Another feature of CSRF mentioned above is that attackers cannot directly steal the user’s information (cookies, headers, website content, etc.), but only use the information in cookies.

The CSRF attack succeeds because the server mistook the request sent by the attacker for the user’s own request. Then we can require all user requests to carry a Token that a CSRF attacker cannot obtain. By verifying whether the request carries the correct Token, the server can distinguish the normal request from the attack request and defend against CSRF attacks.

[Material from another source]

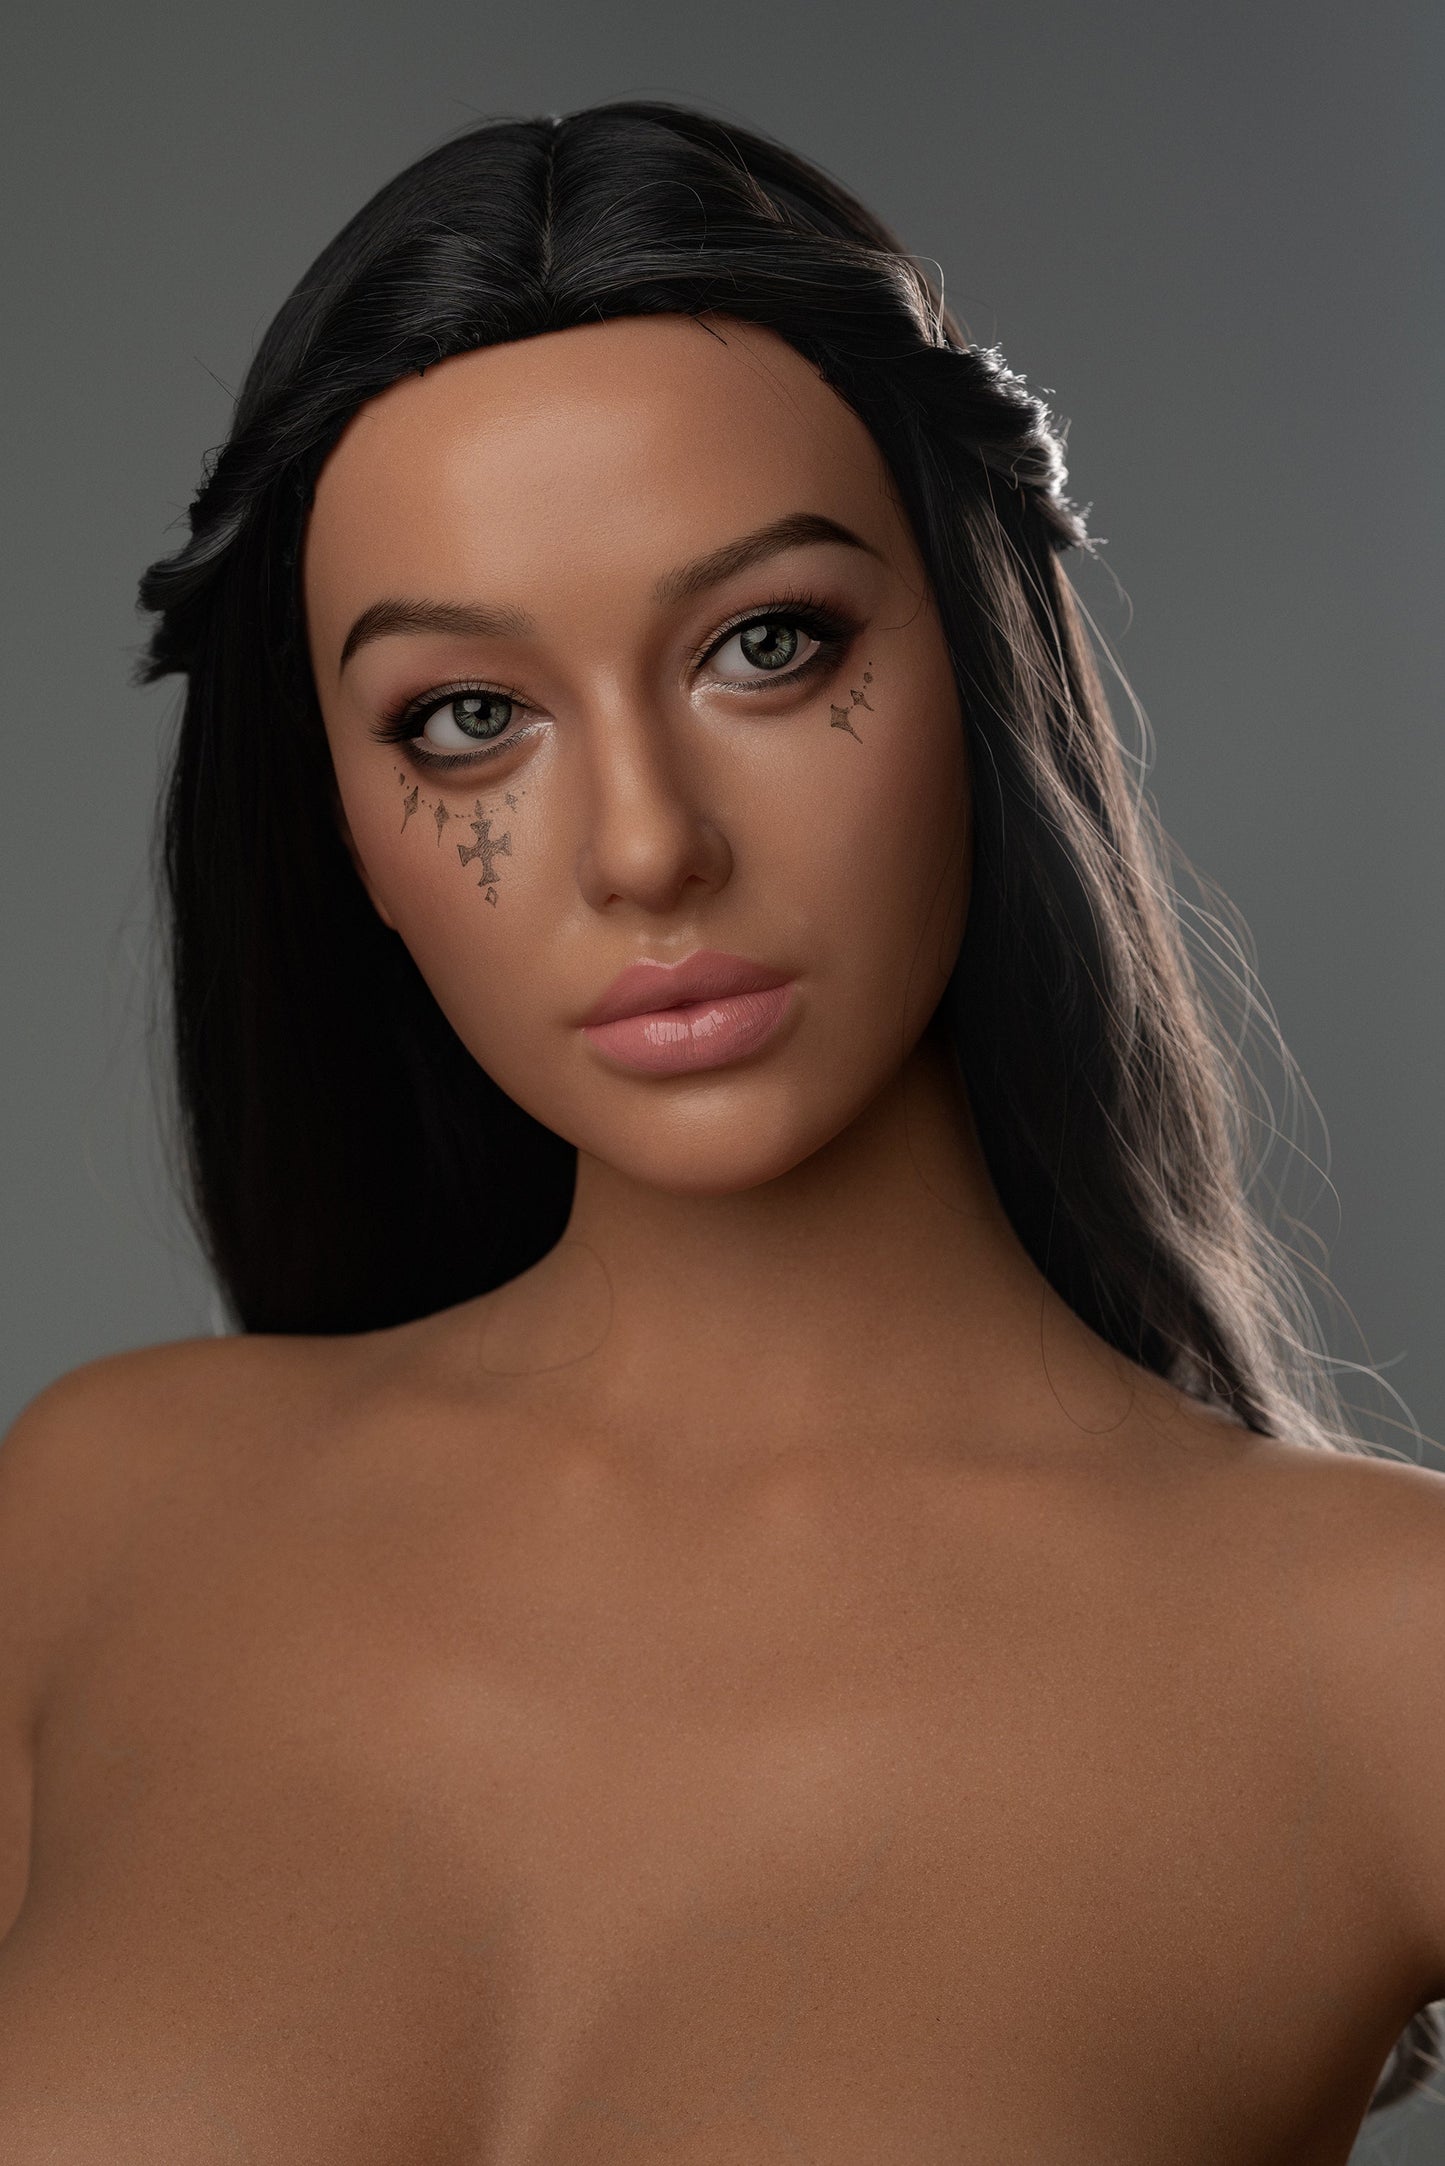 ZELEX Silicone Sex Doll Realistic Inspiration Series - Monica (APENAS CABEÇA) MANDÍBULA MÓVEL

There are two forms of Token authentication (the second one is mostly used) :

  • Add a randomly generated token in the form of parameters in the HTTP request, and establish an interceptor on the server side to verify the token. Assume that there is no token in the request or the token content is incorrect, and reject the request because it may be a CSRF attack.
  • Define and validate your own attributes in the HTTP header: Instead of putting the token in an HTTP request as a parameter, you put it in a self-defined attribute in the HTTP header. With the XMLHttpRequest class, you can add the HTTP header attribute cSRFToken to all of the class requests at once. And put the token value in it. This overcomes the inconvenience of adding tokens to requests in the previous approach. At the same time, addresses requested via XMLHttpRequest are not logged in the browser’s address bar, and tokens are not leaked to other sites via the Referer.